People wait to visit a house for sale in Floral Park, Nassau County, New York.
Wang Ying | Xinhua News Agency | Getty Images
The spring housing market is shaping up to be the leanest and most competitive ever.
A sharp drop in new listings partly due to severe weather, combined with already record-low supply, will make it increasingly difficult for buyers to find their dream home at the perfect price.
There were nearly half as many homes for sale at the end of February, compared with the same period a year earlier, according to a new calculation by realtor.com. Low supply was exacerbated by a drop in the number of new listings to come on the market.
“Last month’s record cold and snowstorms likely caused sellers to hit pause, even if only temporarily,” said Danielle Hale, chief economist at realtor.com. “However, in today’s inventory-starved market, any setback is significant.”
A pullback by sellers resulted in roughly 207,000 fewer homes newly listed for sale in the first two months of this year compared with the average for that time period over the last four years. In order to catch up, new listings would have to grow by 25% annually in March and April, which is unlikely.
While the biggest drops in new supply were in Oklahoma City and Kansas City, Missouri, declines were widespread across the country. The only major cities seeing gains in inventory were San Jose and San Francisco in California, and Denver, Colorado.

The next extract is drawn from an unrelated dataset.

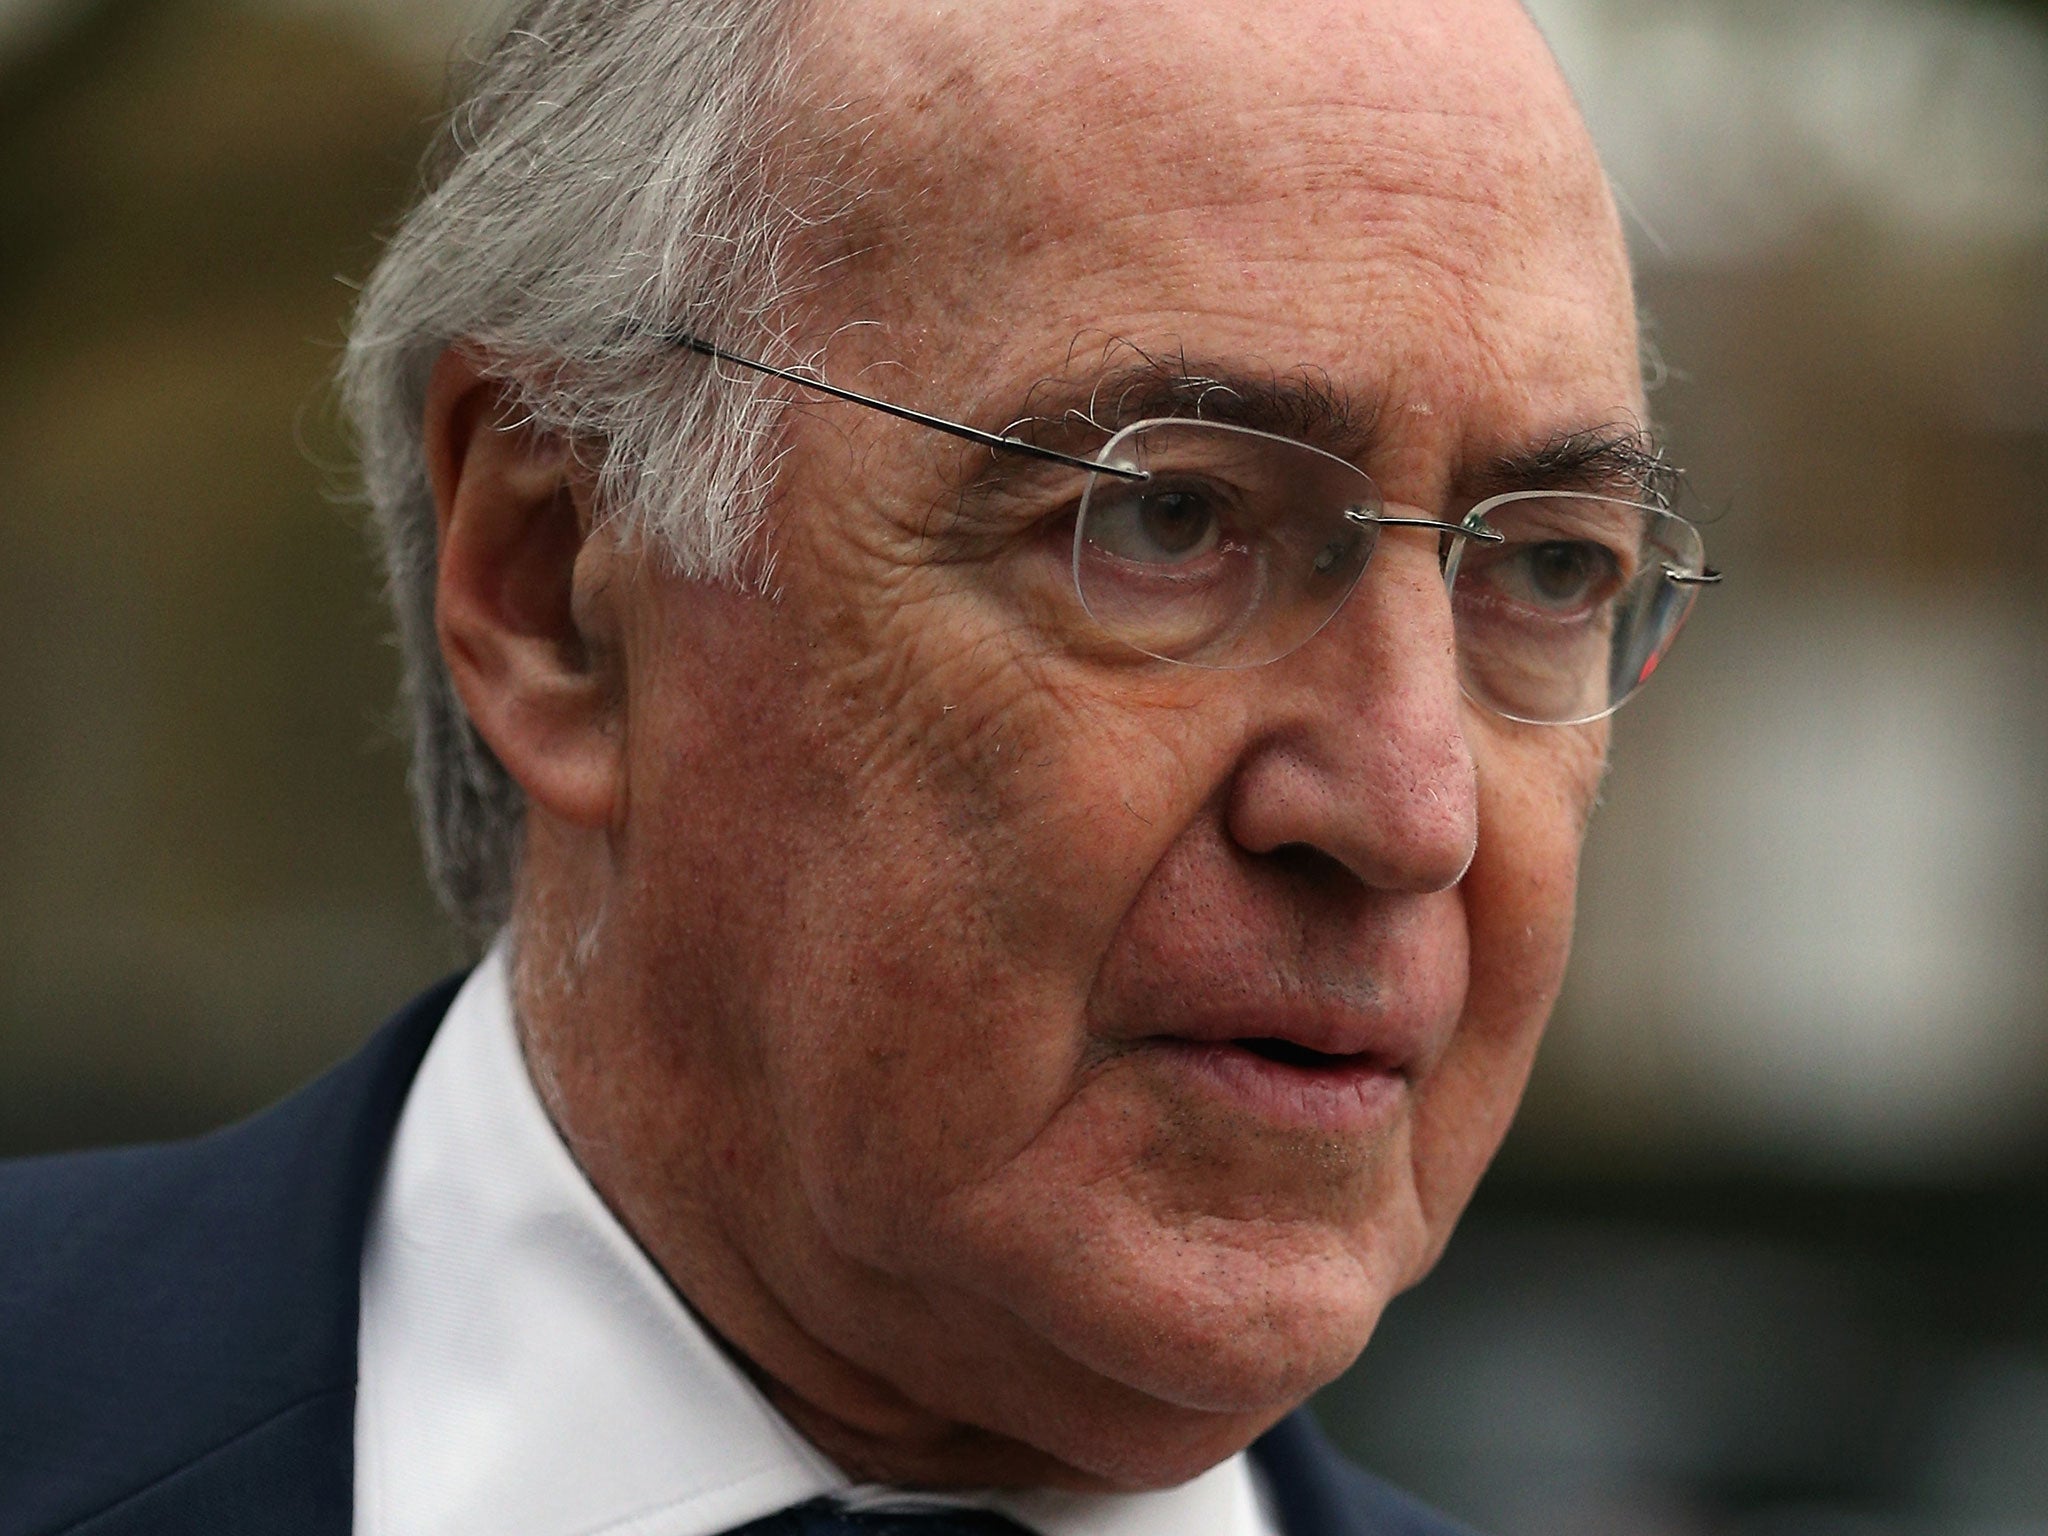 Lord Michael Howard said a new report should encourage political leaders to cut emissions based on scientists’ recommendations

The increasingly tight supply of homes for sale continues to fuel the fire under home prices. In January, prices were up just over 10% year over year, according to CoreLogic. Rising mortgage rates are now hurting affordability, but so far have not thrown any cold water on home prices.
The tight supply has only made sellers more bullish on their potential gains. Asking prices of newly listed homes hit an all-time high of $347,475 in February, according to Redfin.
Sellers have plenty of reason to feel confident, as Redfin also found that just over half (55%) of homes that went under contract in February did so within their first two weeks on the market. That share was 44% a year ago.
“Over the last few weeks winter storms have disrupted the housing market, and mortgage rates have risen sharply,” said Daryl Fairweather, Redfin’s chief economist. “Although pending sales and new listings have taken a small hit in the last couple of weeks, home price gains are showing no signs of slowing down.”
While the effects of the winter storms should be temporary, higher mortgage rates will cut further into affordability and could mean fewer bidding wars as the spring market progresses.